Despite reporting a respectable third quarter, Ingredion (INGR) continues to struggle as investors believe that the rise in COVID-19 cases will continue to hurt the company’s food service operations. While the 6% decline in North American revenues, largely reflecting poor sales to restaurants, is alarming, weakness here was offset by good results in the rest of the world. This fact limited the decline in sales to 2% for the quarter, excluding currency. I am confident that North American results will improve as COVID-19 should be much less of a risk once a vaccine undergoes mass distribution. This should allow INGR to earn over $6 a share next year. Then, the stock will recover. Buy INGR under $82. My target is $95.
While Old Republic (ORI) was up over 5% yesterday, the stock still remains below its pre-COVID-19 highs of close to $24 a share. The improved economy, post-COVID-19, will increase investor confidence in the company’s workers compensation business. While ORI’s title insurance business will not likely reproduce this year’s very strong results in 2021, the company should still earn $1.80 a share next year. At the same time, the stock is cheap at 10X earnings and 90% of book value. ORI is a buy below $18. My target is $22. The 4.9% dividend yield will add to total returns.
Safety Insurance (SAFT) did not react much to third-quarter earnings, which were artificially strong due to the fact that COVID-19 greatly reduced automobile traffic. I still expect the stock to benefit very nicely from its current price. SAFT is also a very well-managed insurer with a long history of consistent profitability.
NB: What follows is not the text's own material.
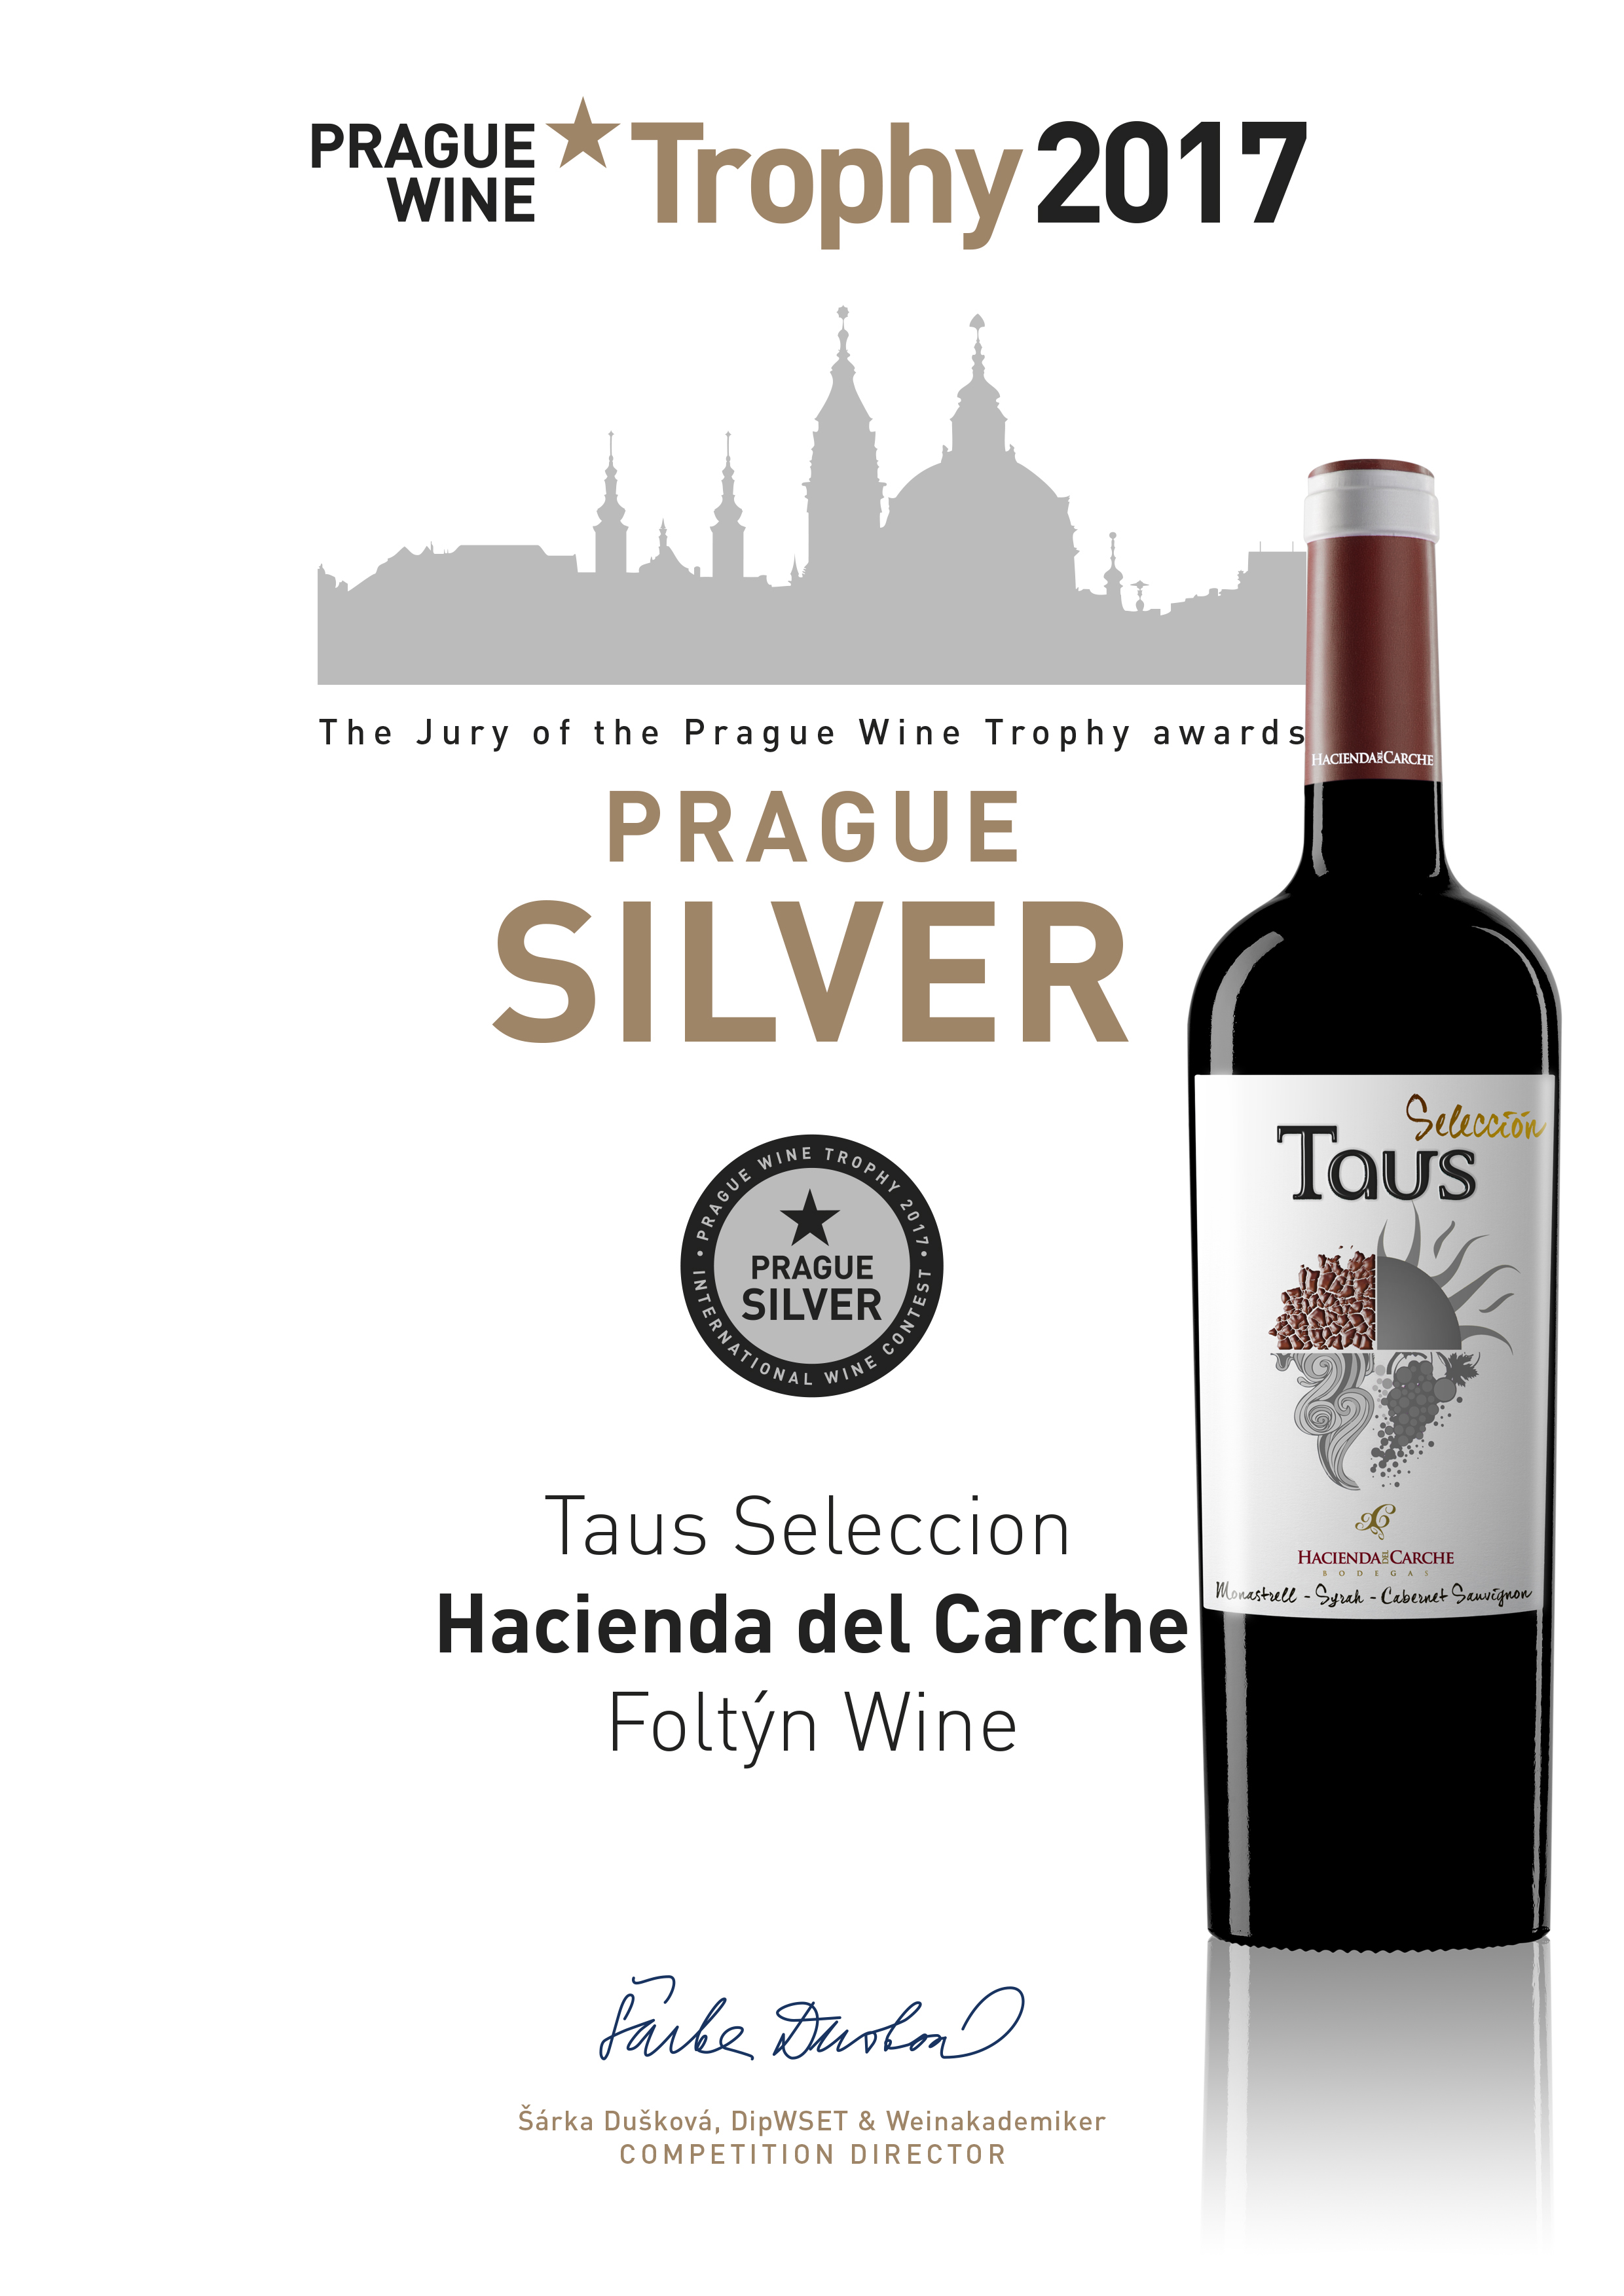 carche_taus_seleccion_2015 Prague Wine

The stock is attractively valued at less than 12X next year’s EPS estimate of $6. The company also has a dividend yield of 5.1%. Buy SAFT under $75. My target is $88.
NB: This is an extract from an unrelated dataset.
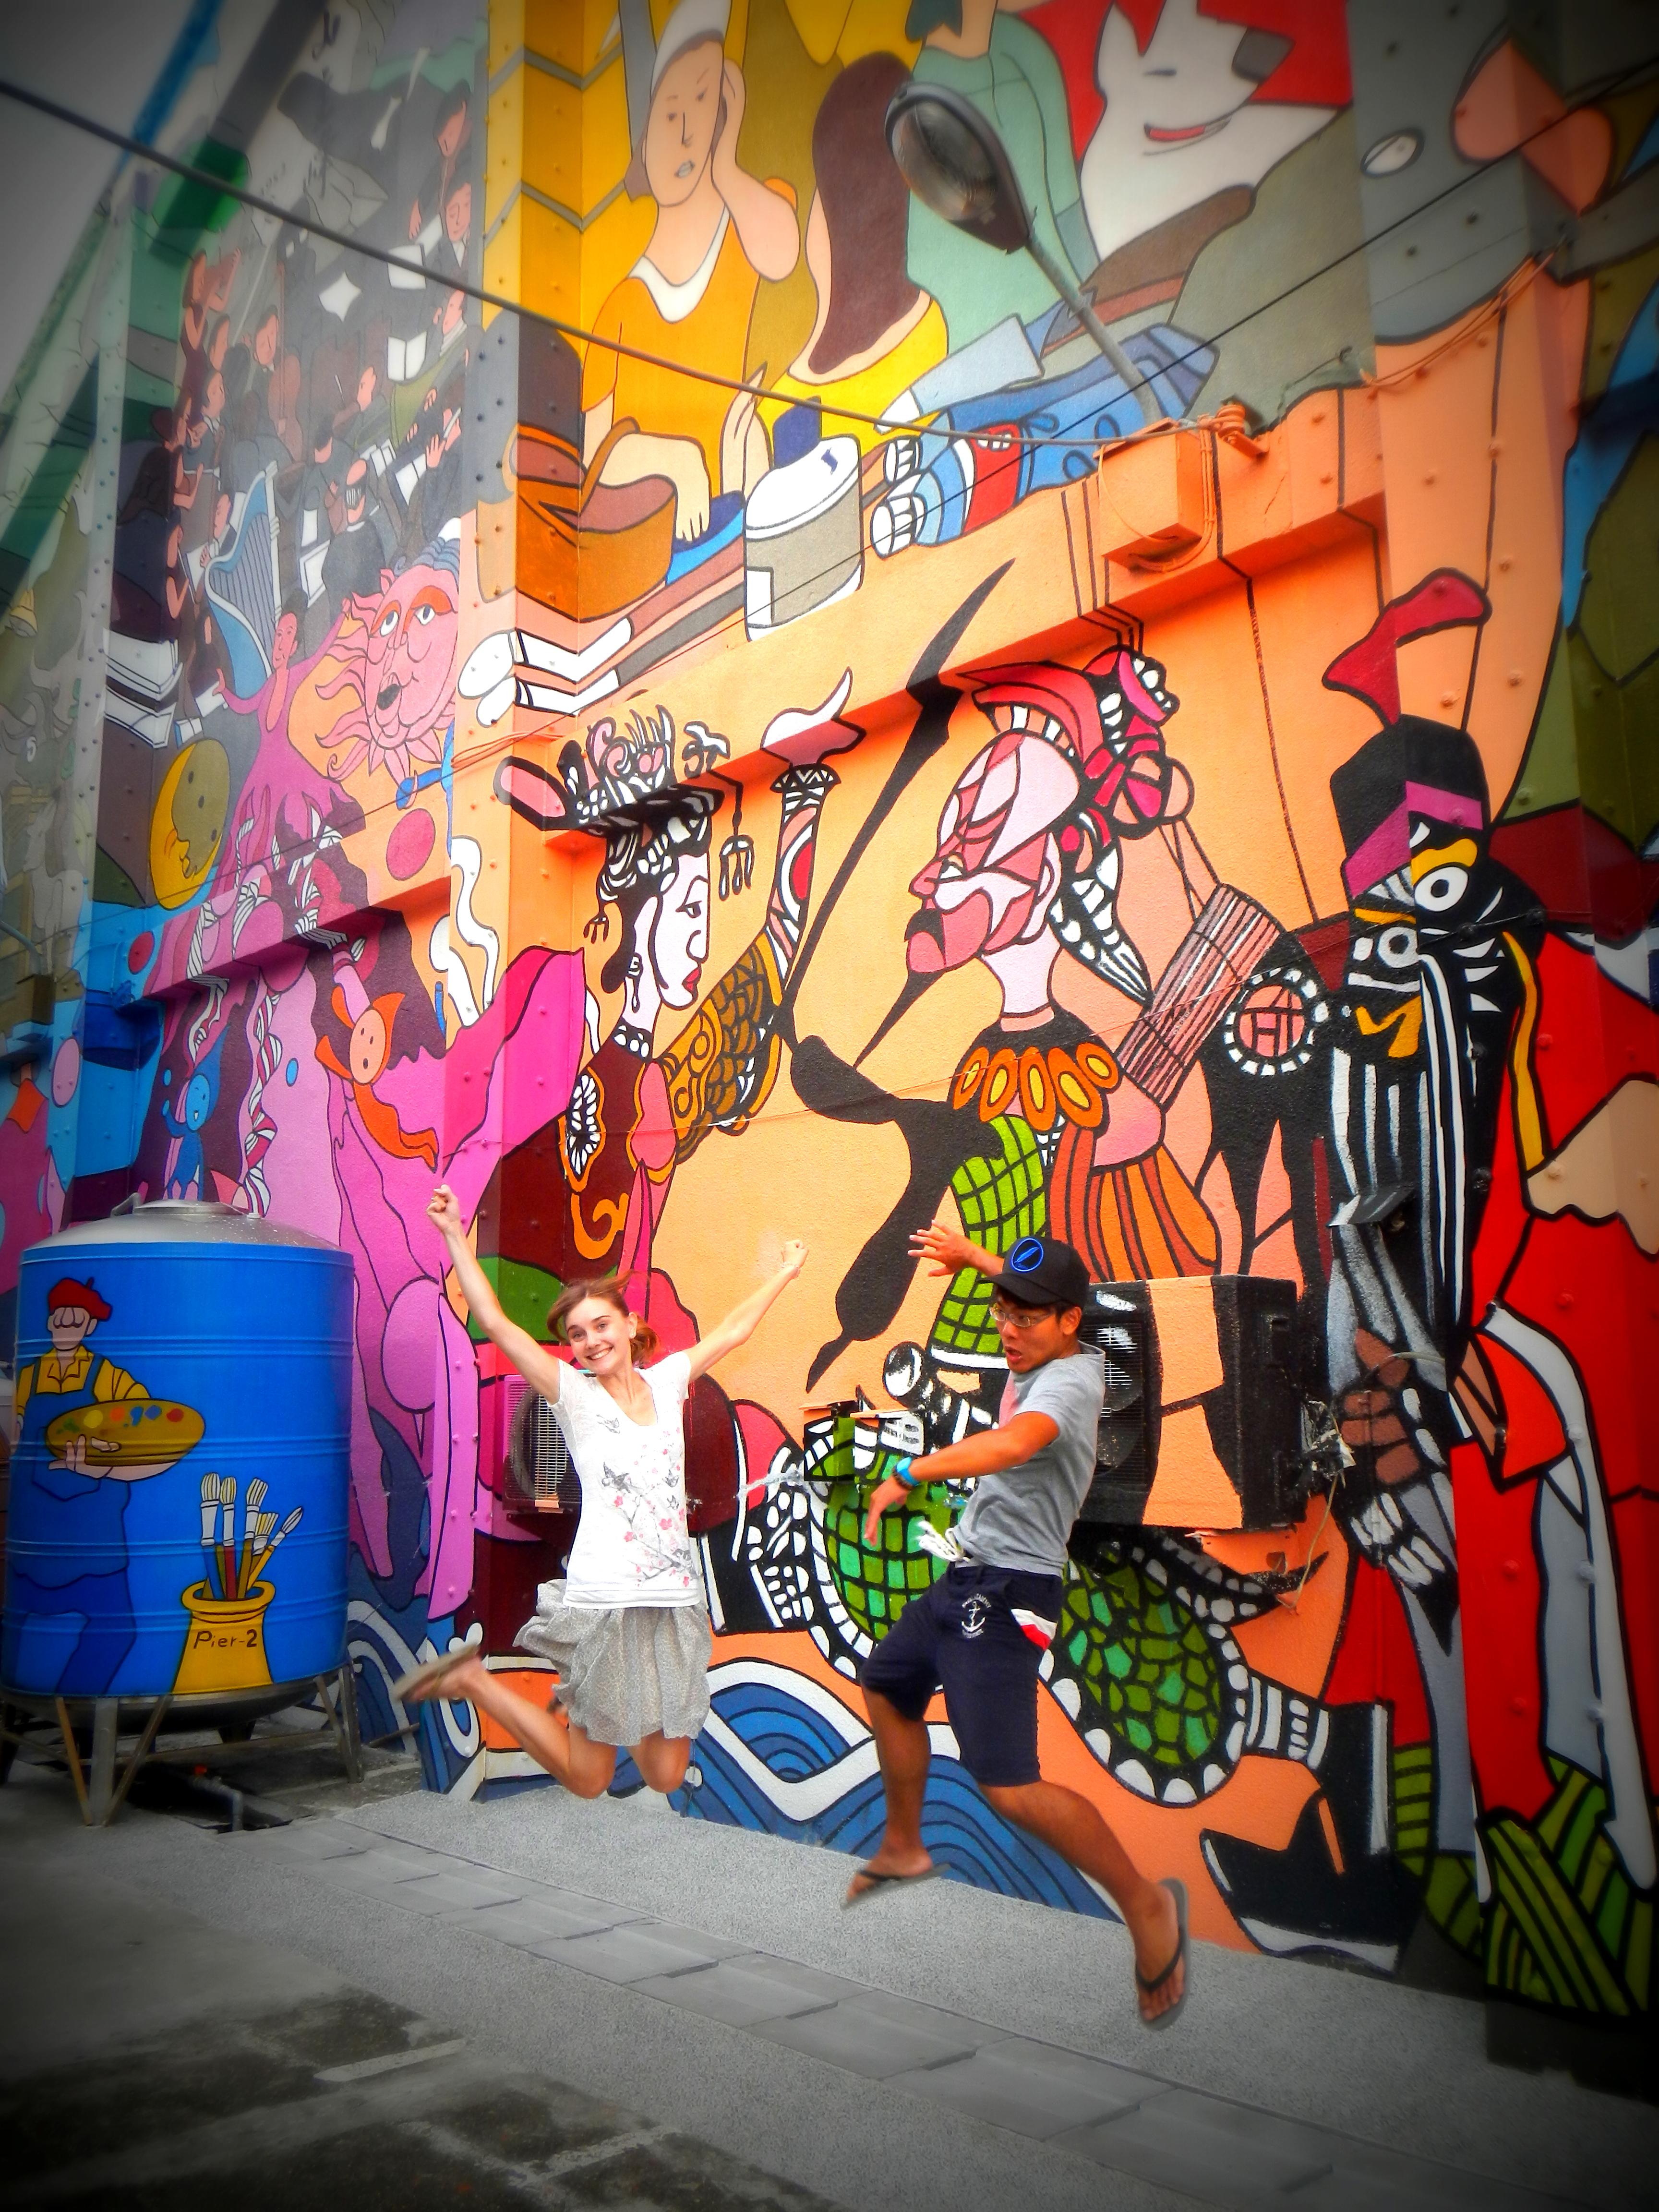 Street art in Kaohsiung, Taiwan

State Street (STT) was a big winner yesterday, as were most banks. While the strong move higher was somewhat curious, in that State Street is not as economically sensitive as most banks, STT was very cheap and just needed a good rally to get its stock moving in the right direction. Trading at only 11X next year’s EPS estimates, the stock still has some upside left. STT is a buy under $70. My target is $80.
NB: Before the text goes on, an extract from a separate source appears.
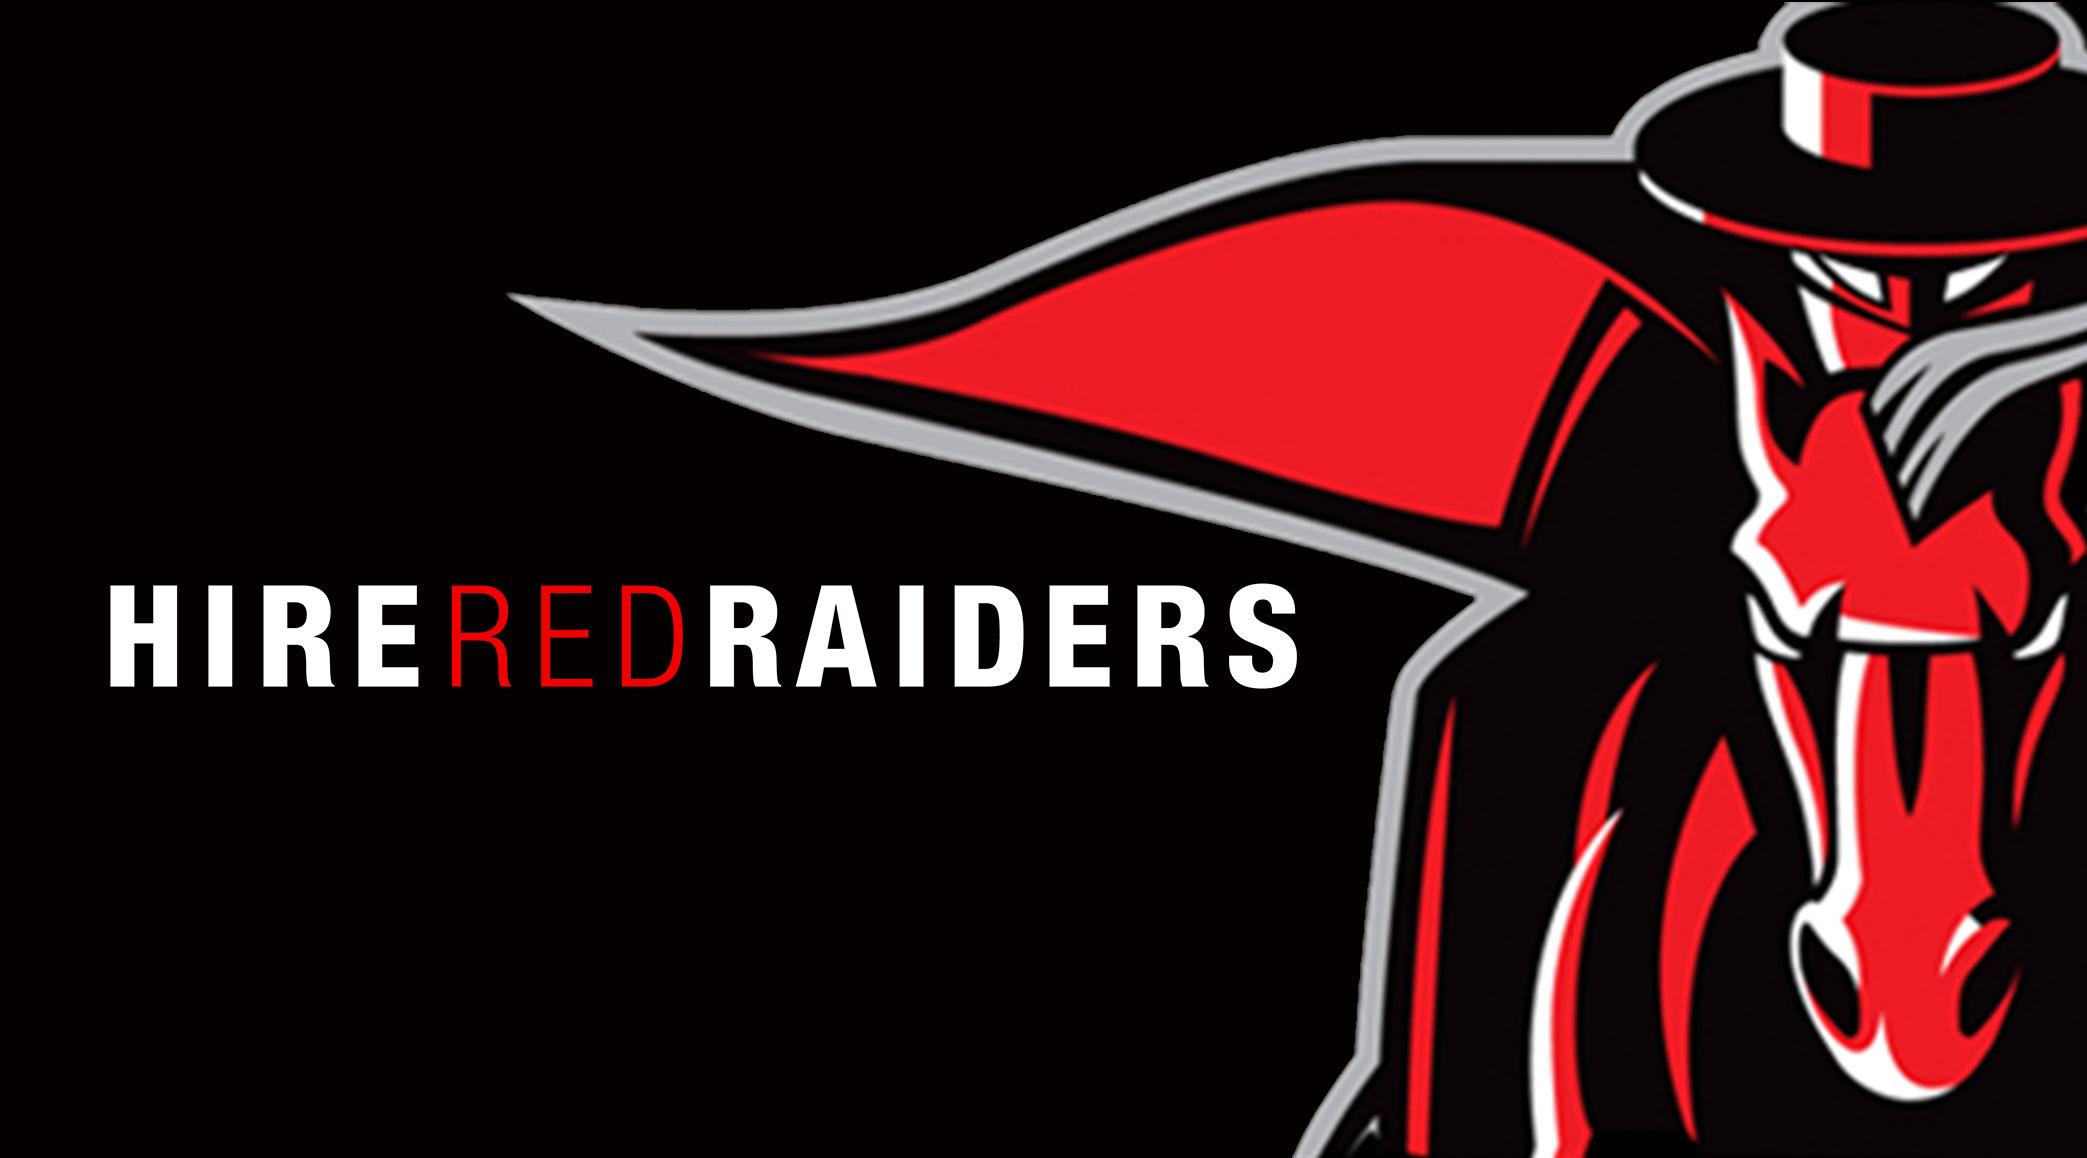 Hire Red Raiders University Career Center TTU

Valvoline (VVV) has added to its post-earnings rally, with the stock just missing a 52-week high yesterday before pulling back. The September 2021 fiscal year should be one of continued growth for VVV, largely driven by new store openings and high same-store sales in the Quick Lube segment. I look for EPS to improve to $1.65 in the current fiscal year, up from $1.48 last year, and there is still good value in the stock at 14X estimates. I am raising my buy under on VVV to $21. My target is now $27.